Is tableA a table name? All columns are in same table? Which rdbs do you use?

----------


## ynottony

> Is tableA a table name? All columns are in same table? Which rdbs do you use?


yes, tableA is a table

All columns with are within the same table

SQL DB?

----------


## rmiao

Why need fkey that references the column in same table?

----------


## rmiao

For sql server db, you can't have '.' in column name without [ ] surrounded.

----------


## ynottony

> Why need fkey that references the column in same table?


I'm not sure, i didn't create the database

----------


## ynottony

> For sql server db, you can't have '.' in column name without [ ] surrounded.
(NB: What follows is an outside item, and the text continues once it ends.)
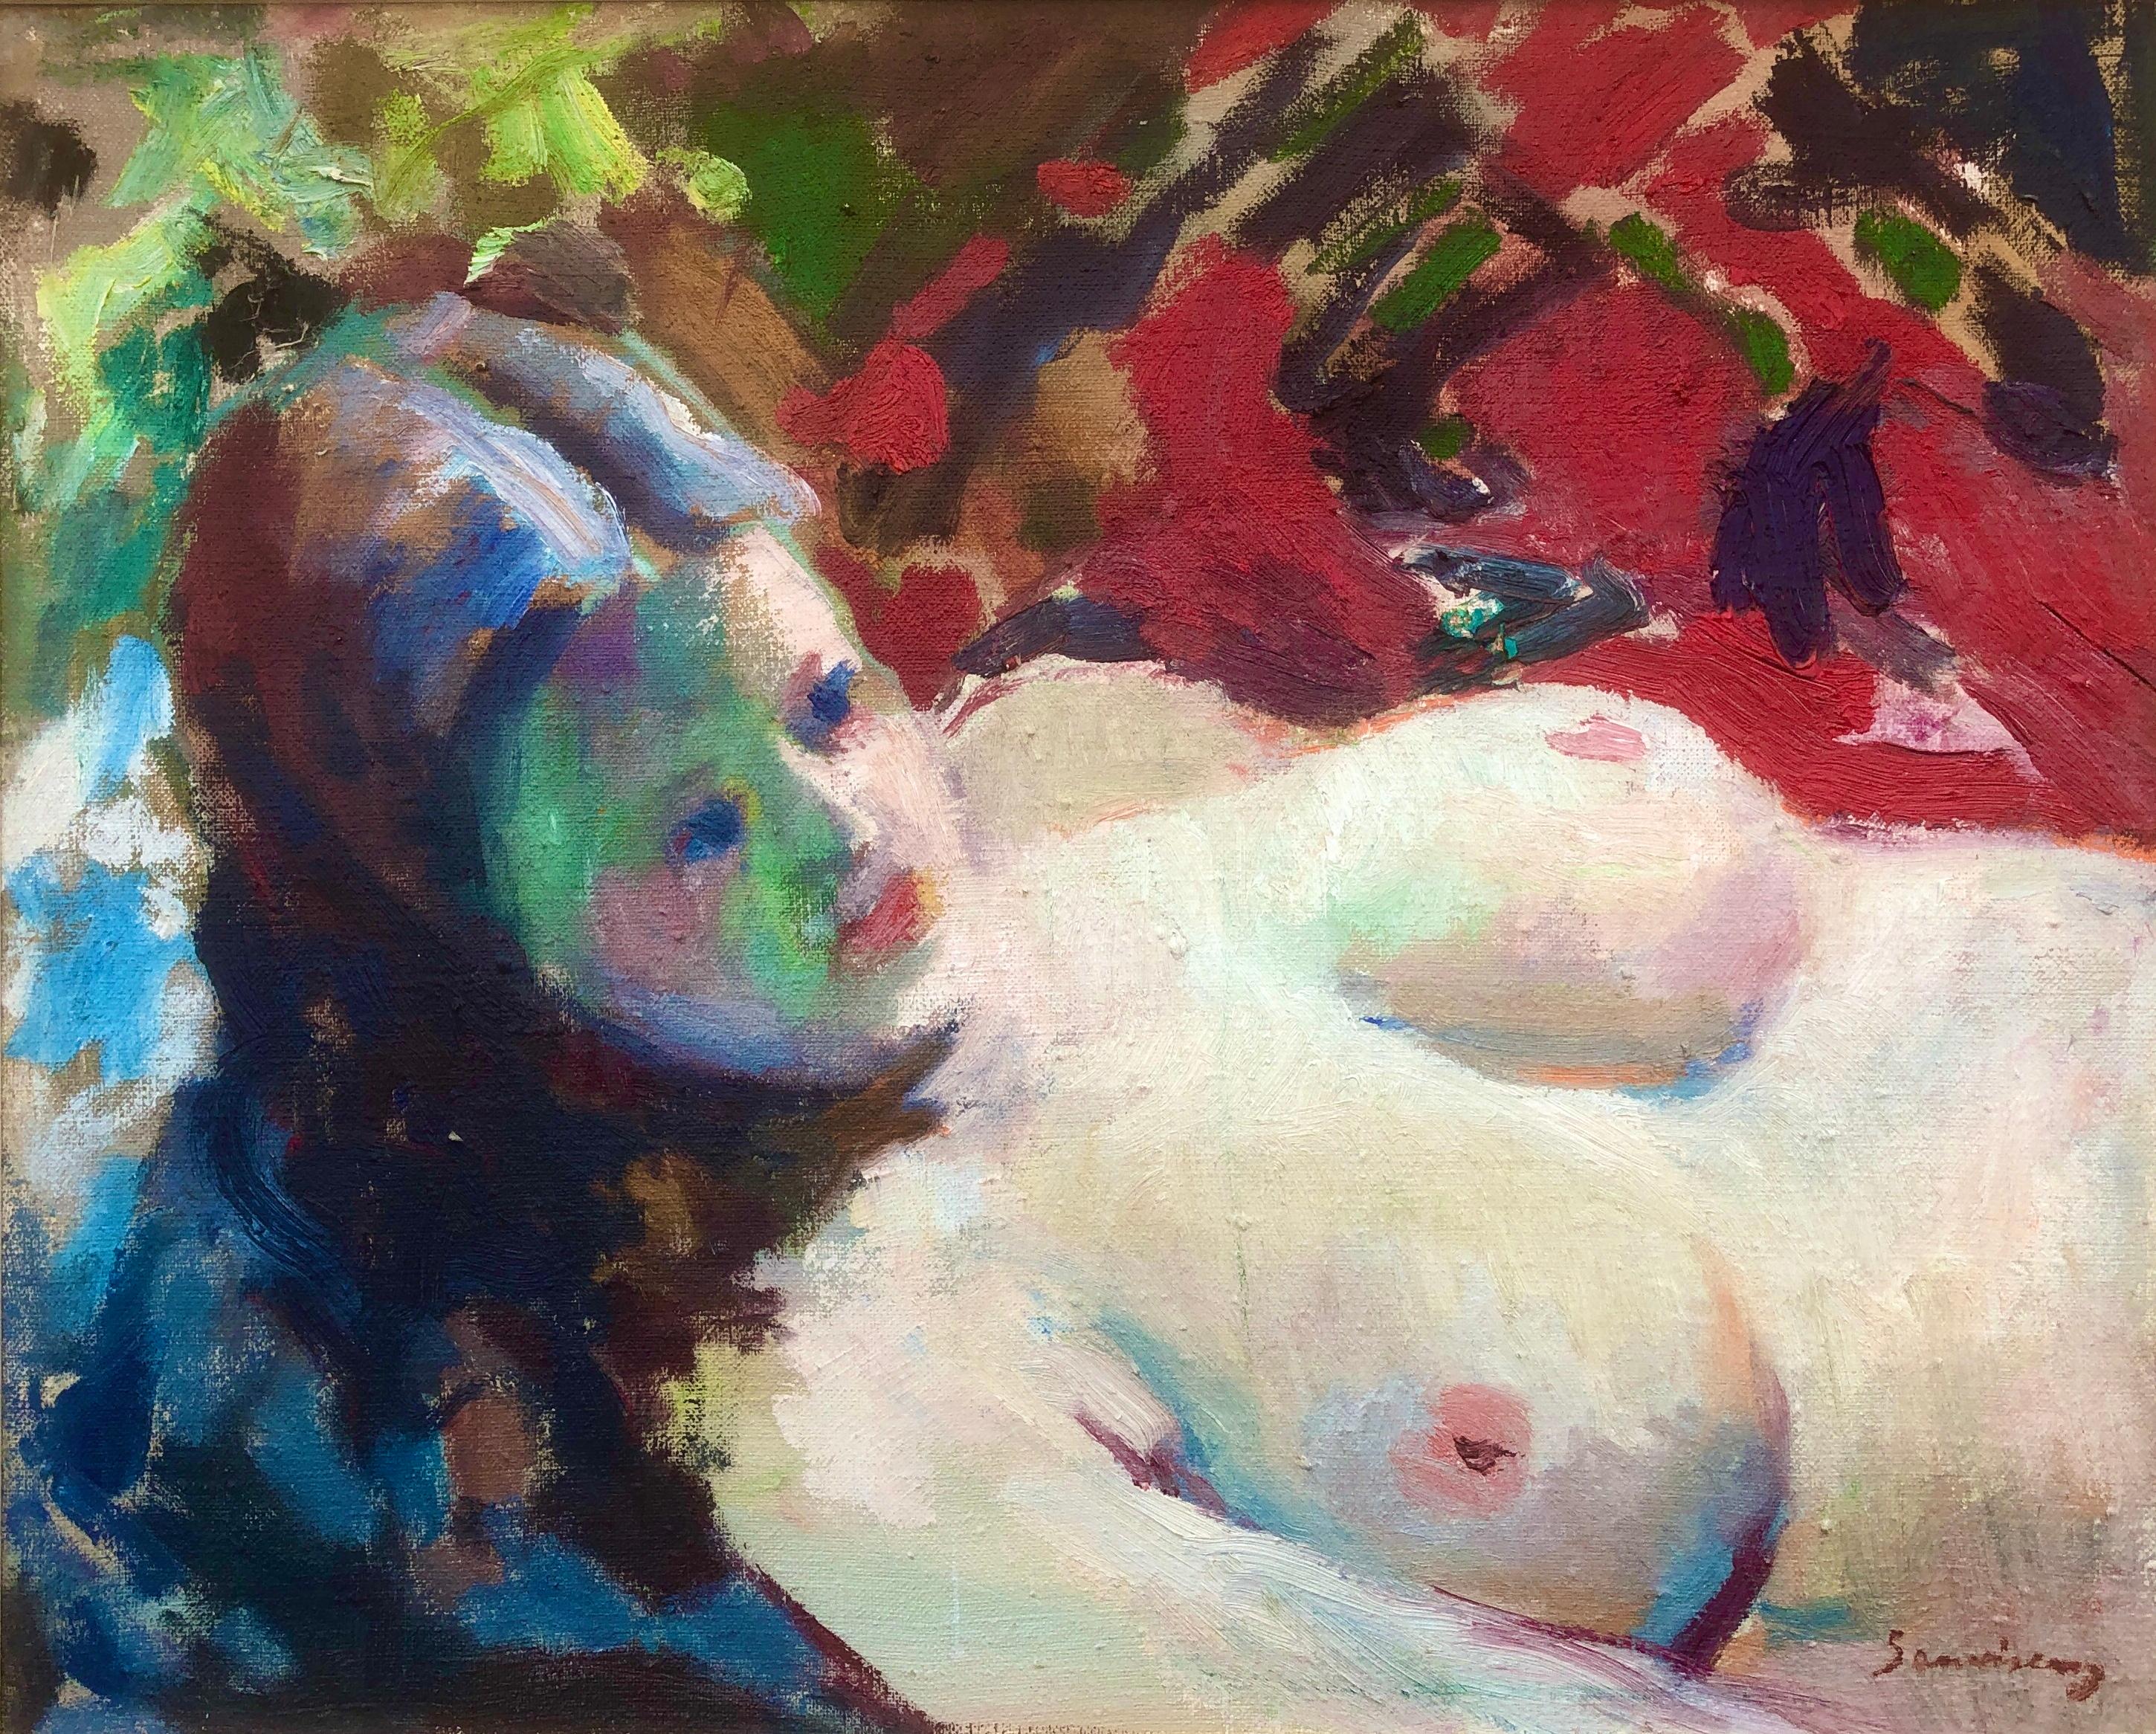 Ramon Sanvisens Marfull Nude Painting - Nude woman oil on canvas painting

opps...yeah I supposed to type in TableA.str_name instead of a '.' in the middle

----------


## SpywareDr

Microsoft Developer Network > Characters that are not allowed in table name & column name in sql server ?


> The Common rules:
> *Rules for Regular Identifiers*
> 
> The rules for the format of regular identifiers depend on the database compatibility level. This level can be set by using ALTER DATABASE. When the compatibility level is *100*, the following rules apply:
> 
> The first character must be one of the following:
> 
> A letter as defined by the Unicode Standard 3.2. The Unicode definition of letters includes Latin characters from a through z, from A through Z, and also letter characters from other languages.
> The underscore (_), at sign (@), or number sign (#).
> ...

----------